Sunday, March 18, 2018

Bank deregulation and the Democratic Party 2018

Congress just passed a new bank deregulation bill with the usual propaganda name, Economic Growth, Regulatory Relief and Consumer Protection Act. A more descriptive one would have been the Financial Destabilization Act.

David Dayen at The Intercept has been following the bill and writing about its effects. In Democrats Offer Last-Minute, Pretend Defense of Fair Lending Laws, As They Prepare to Weaken Them 03/12/2018, he gives a good example of how conservative Democrats construct alibis for voting for bad Republican laws.

In this case, the bill had to have Democratic support in the Senate to prevent a filibuster from stopping it. Senate Democratic Leader Chuck Schumer opposed it. But 16 Senate Democrats voted for it, including Independent Angus King who caucuses with the Democrats, allowing it to pass. Here is the list from the Senate website:

Michael Bennet (D-CO)
Tom Carper (D-DE)
Chris Coons (D-DE)
Joe Donnelly (D-IN)
Heidi Heitkamp (D-ND)
Doug Jones (D-AL)
Tim Kaine (D-VA)
Angus King (I-ME)
Joe Manchin (D-WV)
Claire McCaskill (D-MO)
Ben Nelson (D-FL)
Gary Peters (D-MI)
Jeanne Shaheen (D-NH)
Debbie Stabenow (D-MI)
Jon Tester (D-MT)
Mark Warner (D-VA)

The list includes the Democratic Vice Presidential candidate for 2016, Tim Kaine and press favorites like Heidi Heitkamp, Joe Manchin, Debbie Stabenow, and Mark Warner. Heitkamp and Warner signed on as co-authors. It weakens regulations on mortgage lending for smaller banks and reduces reporting requirements aimed at detecting illegal discrimination in lending.

It won't be the last that the banking lobby will push (Zachary Warmbrodt, Senate passes deregulation bill scaling back Dodd-Frank Politico 03/14/2018):
While the bill is a huge victory for bank lobbyists who have been working to curb Dodd-Frank since it was first drafted, the industry will keep pushing lawmakers and regulators for carve-outs in the years to come.

"This is a first step," American Bankers Association President and CEO Rob Nichols said.
Jamellle Bouie explains why this is yet another kick in the face to the Democratic base (Democrats Back a Bank Bill That Could Hurt Black Homebuyers Slate 03/14/2018):
A provision in the Economic Growth, Regulatory Relief, and Consumer Protection Act would exempt the large majority of mortgage lenders from key disclosure requirements that help the government identify racial discrimination and enforce fair housing laws. The provision would facilitate redlining, allowing lenders to deny loans to black homebuyers, while also giving lenders carte blanche to overcharge black homebuyers or steer them into the same predatory loans that exploded during the financial crisis, pushing countless families into foreclosure.
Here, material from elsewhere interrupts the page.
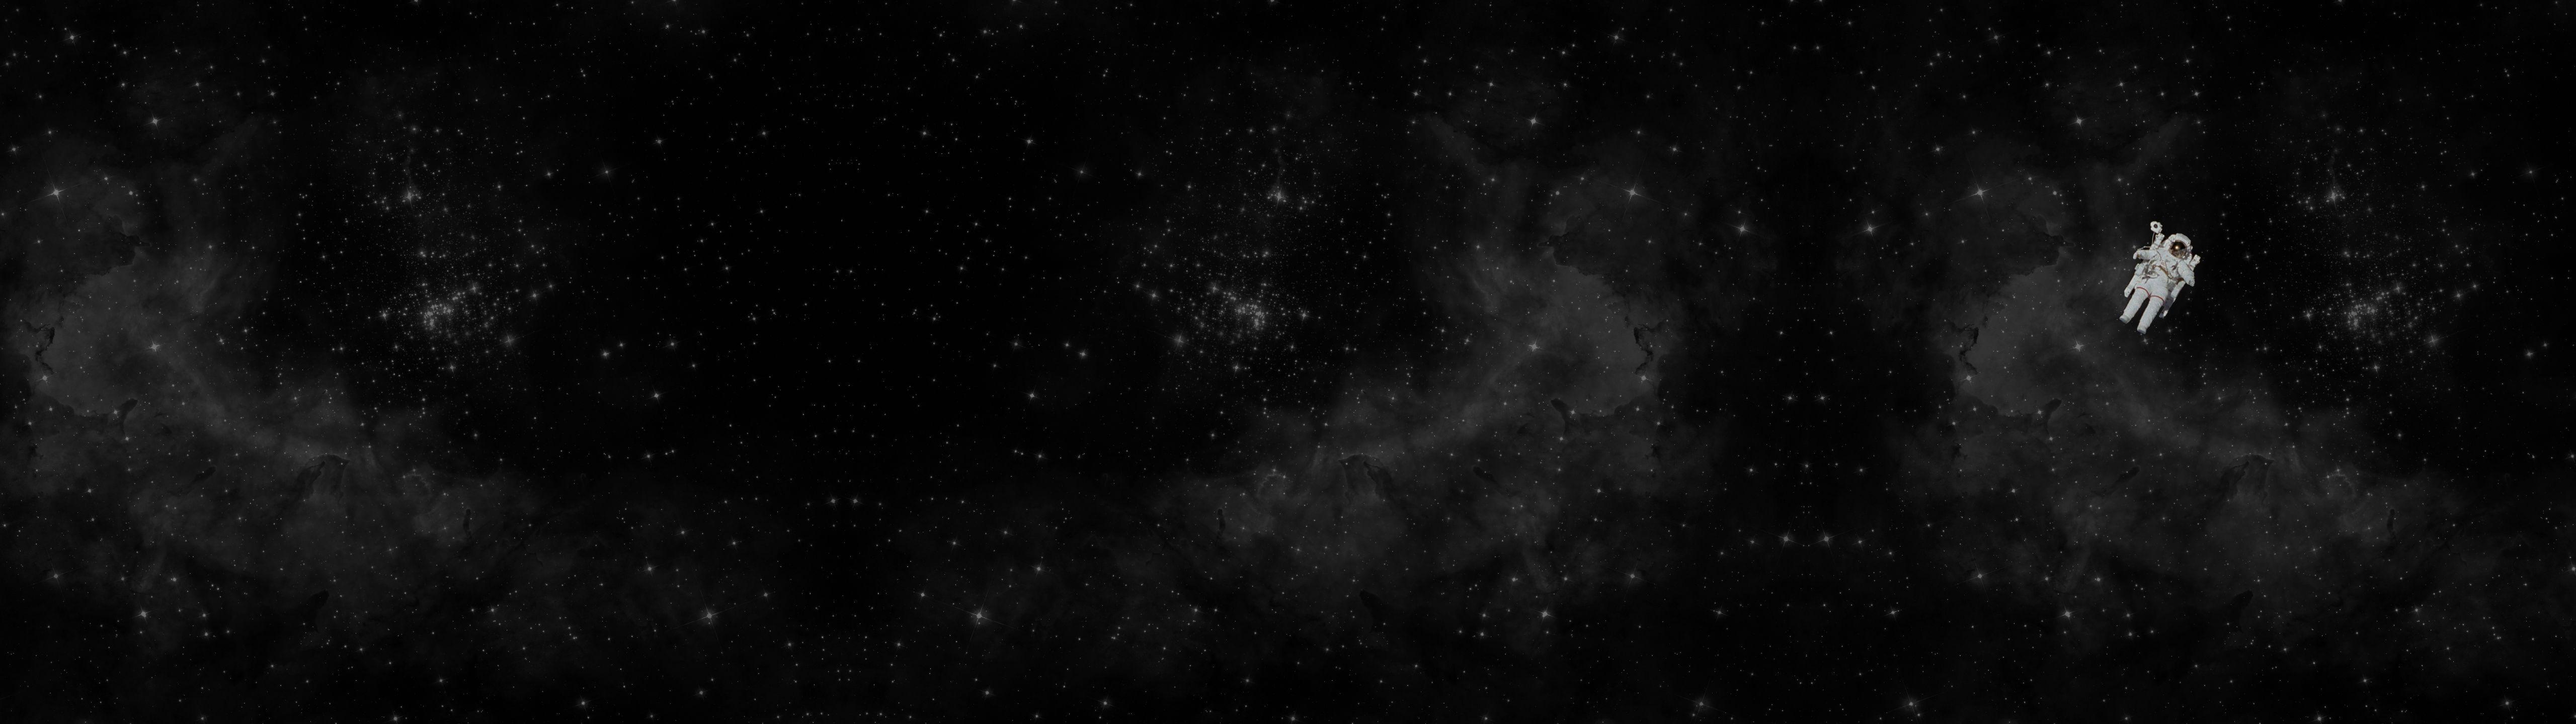 5120x1440 Space Wallpapers - Top Free 5120x1440 Space ...

Yet this bill, which would widen the already staggering racial wealth gap, won support from more than a dozen Democratic senators, including members such as Tim Kaine, Mark Warner, Claire McCaskill, and Doug Jones who rely on black and Hispanic voters to win elections. (The bill is also backed by one independent, Angus King of Maine, who caucuses with Democrats.)
I hope progressive Democrats won't overlook this Republican vote by Doug Jones. Strong bank regulation should be a no-brainer for Democrats. But Jones got elected in a tough race by running as an unapologetic Democrat with a strong Democratic turnout and enthusiastic support from black voters.
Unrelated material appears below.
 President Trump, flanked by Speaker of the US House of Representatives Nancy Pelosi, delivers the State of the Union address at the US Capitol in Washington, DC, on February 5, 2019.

And then he turns around and kicks his voters in the teeth with this vote. This is not a good thing.

Drew Magary provides a good summary of why (The Democrats Can't Stop Using the Same Broken Playbook GQ 03/07/2018):
It makes no sense. Blessed with a touch of momentum going into the 2018 midterms, Chuck Schumer and his colleagues have decided that the best way to “win” is to build up their fundraising apparatus, reach out across party lines, and pass legislation that serves banks more than it serves people… legislation friendly enough to conservative folk that Senators like Tester (Montana) and McCaskill (Missouri) can sell it to their red state constituents and not have them get too mad.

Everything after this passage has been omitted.